Impact of diagnosis-to-treatment interval (DTI) on cancer control outcomes. A, Locoregional control. B, Distant metastases-free survival. C, Overall survival. The median DTI was 34 days.
Impact of diagnosis-to-treatment interval (DTI) by quartiles on cancer control outcomes. A, Locoregional control. B, Overall survival.
Caudell JJ, Locher JL, Bonner JA. Diagnosis-to-Treatment Interval and Control of Locoregionally Advanced Head and Neck Cancer. Arch Otolaryngol Head Neck Surg. 2011;137(3):282-285. doi:10.1001/archoto.2011.20
To assess the impact of prolonged diagnosis-to-treatment interval (DTI) that falls in the time frame associated with the increasing complexity of planning treatment for patients with locoregionally advanced head and neck cancer (LAHNC).
The University of Alabama at Birmingham.
An institutional database was searched for all patients with LAHNC who were treated with radiotherapy between 1995 and 2007 at the University of Alabama at Birmingham. After patients with prior treatment for head and neck cancer (including surgery or neoadjuvant chemotherapy), patients younger than 18 years, and patients with stage I or II tumors were excluded, 427 patients remained for analysis.
Main Outcome Measures
The DTI was defined as the time in days between the date that a biopsy specimen showing malignancy was obtained and the first day of radiotherapy.

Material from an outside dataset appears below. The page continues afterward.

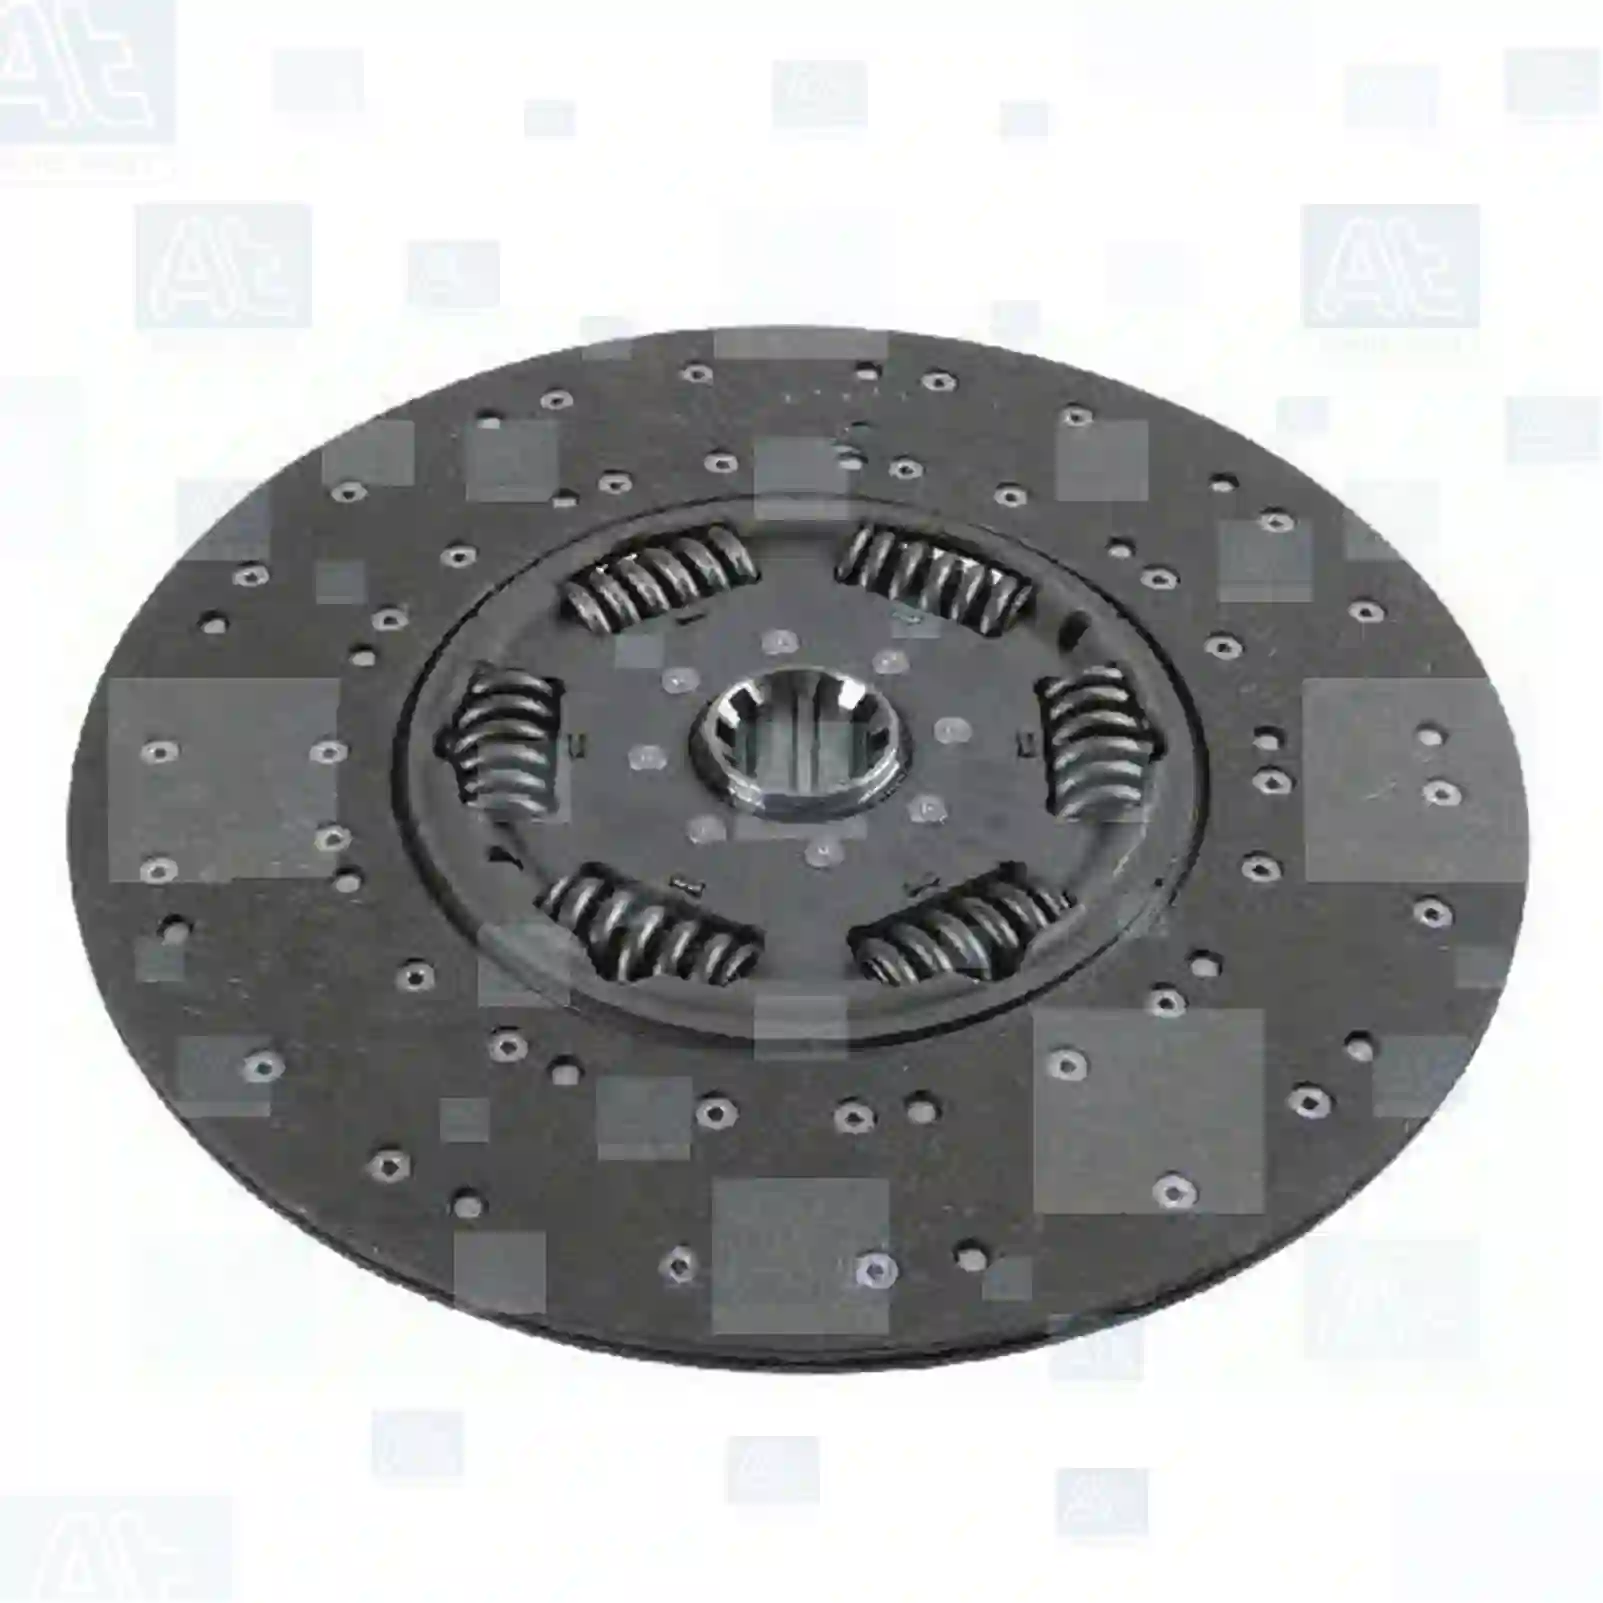 Clutch disc, 77721905, 193852, 1440715, 1450120, 1614294, 1689145, 1813472, 1813472A, 1813472R, 31250EOA80, 81303010352, 81303010460, 81303010476, 81303010485, 81303010496, 81303010503, 81303010506, 81303010507, 81303010511, 81303010533, 81303010534, 81303010545, 81303010546, 81303010547, 81303010548, 81303010549, 81303010559, 81303010567, 81303010570, 81303010572, 81303010620, 81303010623, 81303010626, 81303010677, 81303010679, 81303019496, 81303019506, 81303019549, 81303019623, 81303019677, 81303019679, 0072505803, 0072505903, 007250590380, 0092502103, 0092503103, 0112500603, 0122501403, 0122501503, 0122505303, 0132500803, 0132502003, 0132502103, 013250210380, 0132503003, 0132503903, 0152500203, 0152502303, 0152503803, 0162501703, 0162501803, 0162504303, 0162504403, 0172507803, 0182507803, 0182509303, 018250930380, 0192500803, 0192503303, 0192504503, 0192506803, 0202501603, 0202505103, 0202505403, 0202505703, 0202509003, 0222506103, 011009992, 011079828, 0182509903, 8383286000, 10996020, 10996025, 11442962 ||  77721905 At Spare Part | Engine, Accelerator Pedal, Camshaft, Connecting Rod, Crankcase, Crankshaft, Cylinder Head, Engine Suspension Mountings, Exhaust Manifold, Exhaust Gas Recirculation, Filter Kits, Flywheel Housing, General Overhaul Kits, Engine, Intake Manifold, Oil Cleaner, Oil Cooler, Oil Filter, Oil Pump, Oil Sump, Piston & Liner, Sensor & Switch, Timing Case, Turbocharger, Cooling System, Belt Tensioner, Coolant Filter, Coolant Pipe, Corrosion Prevention Agent, Drive, Expansion Tank, Fan, Intercooler, Monitors & Gauges, Radiator, Thermostat, V-Belt / Timing belt, Water Pump, Fuel System, Electronical Injector Unit, Feed Pump, Fuel Filter, cpl., Fuel Gauge Sender,  Fuel Line, Fuel Pump, Fuel Tank, Injection Line Kit, Injection Pump, Exhaust System, Clutch & Pedal, Gearbox, Propeller Shaft, Axles, Brake System, Hubs & Wheels, Suspension, Leaf Spring, Universal Parts / Accessories, Steering, Electrical System, Cabin Clutch disc, 77721905, 193852, 1440715, 1450120, 1614294, 1689145, 1813472, 1813472A, 1813472R, 31250EOA80, 81303010352, 81303010460, 81303010476, 81303010485, 81303010496, 81303010503, 81303010506, 81303010507, 81303010511, 81303010533, 81303010534, 81303010545, 81303010546, 81303010547, 81303010548, 81303010549, 81303010559, 81303010567, 81303010570, 81303010572, 81303010620, 81303010623, 81303010626, 81303010677, 81303010679, 81303019496, 81303019506, 81303019549, 81303019623, 81303019677, 81303019679, 0072505803, 0072505903, 007250590380, 0092502103, 0092503103, 0112500603, 0122501403, 0122501503, 0122505303, 0132500803, 0132502003, 0132502103, 013250210380, 0132503003, 0132503903, 0152500203, 0152502303, 0152503803, 0162501703, 0162501803, 0162504303, 0162504403, 0172507803, 0182507803, 0182509303, 018250930380, 0192500803, 0192503303, 0192504503, 0192506803, 0202501603, 0202505103, 0202505403, 0202505703, 0202509003, 0222506103, 011009992, 011079828, 0182509903, 8383286000, 10996020, 10996025, 11442962 ||  77721905 At Spare Part | Engine, Accelerator Pedal, Camshaft, Connecting Rod, Crankcase, Crankshaft, Cylinder Head, Engine Suspension Mountings, Exhaust Manifold, Exhaust Gas Recirculation, Filter Kits, Flywheel Housing, General Overhaul Kits, Engine, Intake Manifold, Oil Cleaner, Oil Cooler, Oil Filter, Oil Pump, Oil Sump, Piston & Liner, Sensor & Switch, Timing Case, Turbocharger, Cooling System, Belt Tensioner, Coolant Filter, Coolant Pipe, Corrosion Prevention Agent, Drive, Expansion Tank, Fan, Intercooler, Monitors & Gauges, Radiator, Thermostat, V-Belt / Timing belt, Water Pump, Fuel System, Electronical Injector Unit, Feed Pump, Fuel Filter, cpl., Fuel Gauge Sender,  Fuel Line, Fuel Pump, Fuel Tank, Injection Line Kit, Injection Pump, Exhaust System, Clutch & Pedal, Gearbox, Propeller Shaft, Axles, Brake System, Hubs & Wheels, Suspension, Leaf Spring, Universal Parts / Accessories, Steering, Electrical System, Cabin

The median DTI was 34 days (range, 7-441 days). A longer DTI was not significantly associated with locoregional control (P = .11), distant metastases-free survival (P = .32), or overall survival (P = .07).
A prolonged DTI did not appear to adversely affect outcomes in this cohort of patients with LAHNC.
Physicians and patients are often concerned regarding any prolonged treatment delay from the time of diagnosis of a squamous cell carcinoma of the head and neck. This concern stems from the belief that delays allow the growth of the local tumor and increase the likelihood of distant metastases. Clearly, delays that exceed a certain threshold will eventually result in progression.
Patients with locoregionally advanced head and neck cancer (LAHNC) often present with many baseline difficulties that require social, dental, and nutritional interventions. Also, the treatment planning process for these complex tumors may take longer than that for other tumors. This process has become increasingly complex with the advent of treatment planning procedures that may include the fusion of magnetic resonance or positron emission images with computed tomographic (CT) images. Furthermore, the complexities associated with intensity-modulated radiotherapy (IMRT) may cause delays in the start of radiotherapy.
Some retrospective studies suggest that relatively short delays in the initiation of radiotherapy may be associated with increasing tumor bulk and with decreases in local control for a variety of cancers, including head and neck cancer.1,2 In a study of 61 patients with a diagnostic CT scan followed by a radiotherapy treatment planning CT scan usually weeks later, Jensen et al2 found that 30% had progressive disease on the treatment planning CT scan by Response Evaluation Criteria in Solid Tumors criteria, 62% had any measurable increase, 20% developed new lymph node metastases, and 16% showed progression in TNM classification. This progression may then be associated with decreased probability of local tumor control.3- 5 Two studies examining this question found decrements in outcomes with greater waiting times.6,7 Two other studies showed a nonsignificant trend supporting the hypothesis that longer waiting times result in inferior outcomes,8,9 although one study showed no association.10 In a systematic review of these retrospective data, Huang et al1 showed that there was a strong trend (P = .06) toward reduced local control with a 1-month (30-day) delay in radiotherapy. These prior findings suggest that tumor bulk or radioresistance increases with increasing diagnosis-to-treatment interval (DTI), thereby hindering the effect of radiotherapy. However, most of these data were from cases involving patients with early-stage head and neck cancer. Therefore, we sought to assess whether the DTI affected outcomes in cases involving patients with LAHNC.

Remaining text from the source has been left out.